One concept I am still exploring is the “stage” or “separation” cards. Those cards that seem to be set on a stage. There are certain core cards where it is very clear with a double line, and others where it appears intended.
Wands; (2), 4, 9, 10
Cups 2, (5), (8), (10), page
Swords 2,(4), 5, 7, (9)
Pentacles 2, 4, 6, 8
Where () indicates it is less clear than the 2 distinct lines.
I don’t have a clear and single answer on this, rather several concepts I am still exploring.
Are these cards “framed” ?
I wonder if these cards are being marked as significant. It may be they are key cards in each suit- cards that we need to pay extra attention to in a reading. The stage is to draw our attention to the card in a spread.
It may be these cards have a particular occult knowledge that I am not aware of, codified information. I am aware there is much information regarding astrology and the kabbalah with in the deck- two areas of study I am less focused on.
The stage cards may be a reference to “key” cards with a meaning that is still hidden to many, or as yet not re-discovered.
The stage may be to change our challenge our perspective on the card.
In these cards the “actor” and the backdrop are separated, and I wonder whether we are being asked to integrate this into our understanding of the card.
· Can these cards have more emphasis on internal processes. These cards let us know more about how a querent is thinking, and also projecting their thought/emotions onto others?
· Does it suggest that these cards are sometimes not what is really going on- the querent is acting out, as readers we need to look again if a reading has several or significant stage cards in a reading.
· Is it linked to manifesting/creating a reality- I often think the 10 of cups is a promise of happiness even if happiness isn’t currently present (with the rainbow as the significant symbol). Is this a common theme with the stage cards?
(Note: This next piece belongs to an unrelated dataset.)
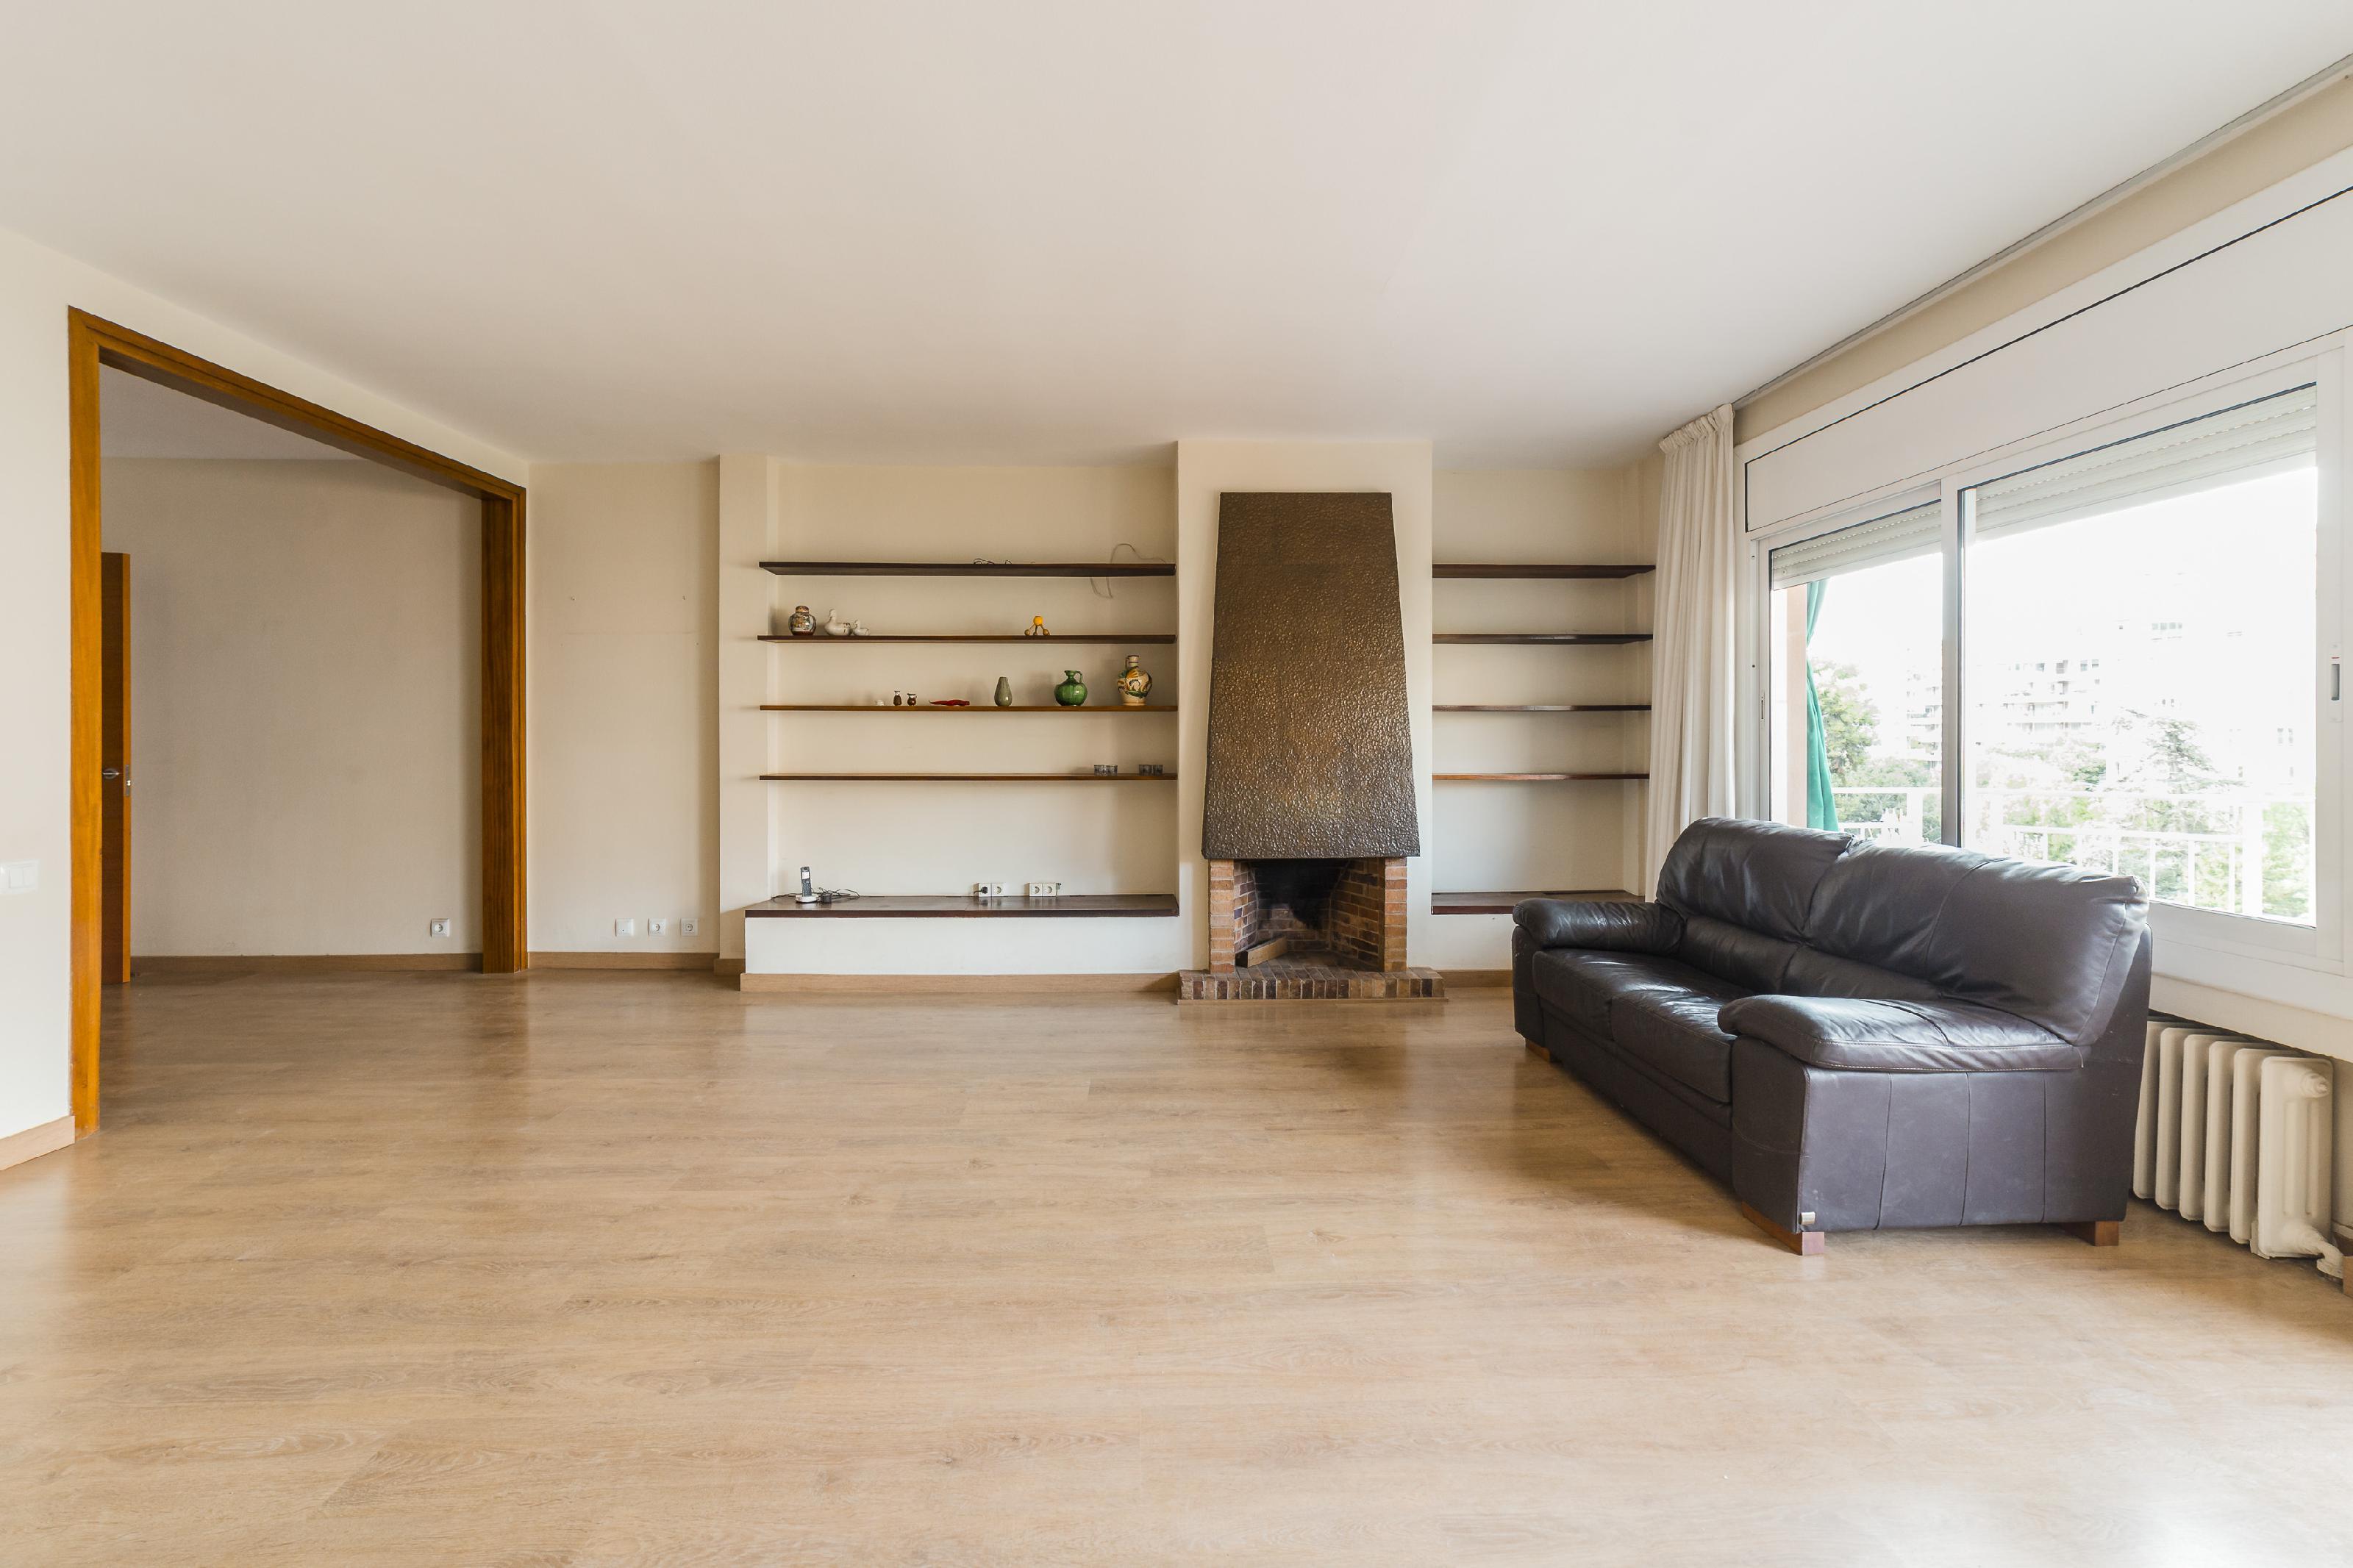 253337 Piso en venda en Sarrià-Sant Gervasi, El Putxet i Farró 2

· Can it be linked to illusions and delusions? Actors playing a role are hoping to trick us into suspending reality and getting caught up in the narrative. Do these cards suggest the querent is caught in a narrative- either theirs or someone else’s?
I do consider the stage cards are creating a separation, that the reader/querent is somehow removed from the action. Quite how this impacts a reading will depend on the number and placement of stage cards, the narrative they create between them.
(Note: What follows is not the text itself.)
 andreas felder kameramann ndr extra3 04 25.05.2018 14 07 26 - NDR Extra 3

If I notice stage cards I will wonder;
· Is the querent projecting? Is the narrative I am seeing more focused on what the querent thinks is happening rather than the actual facts?
· Is the internal world of the querent what we are really exploring here, rather than the physical world?
· Are there layers to this- illusions and delusions that make the reading more complicated than it first seems.
Honestly I often don’t even notice the stage cards. But sometimes they catch my eye. Sometimes a reading isn’t making sense, it seems to be missing the mark- then the smaller details like the placement of stage-cards can unlock a reading and really illuminate a key detail.
Sometimes noticing the stage cards can provide that missing link that brings the whole reading together.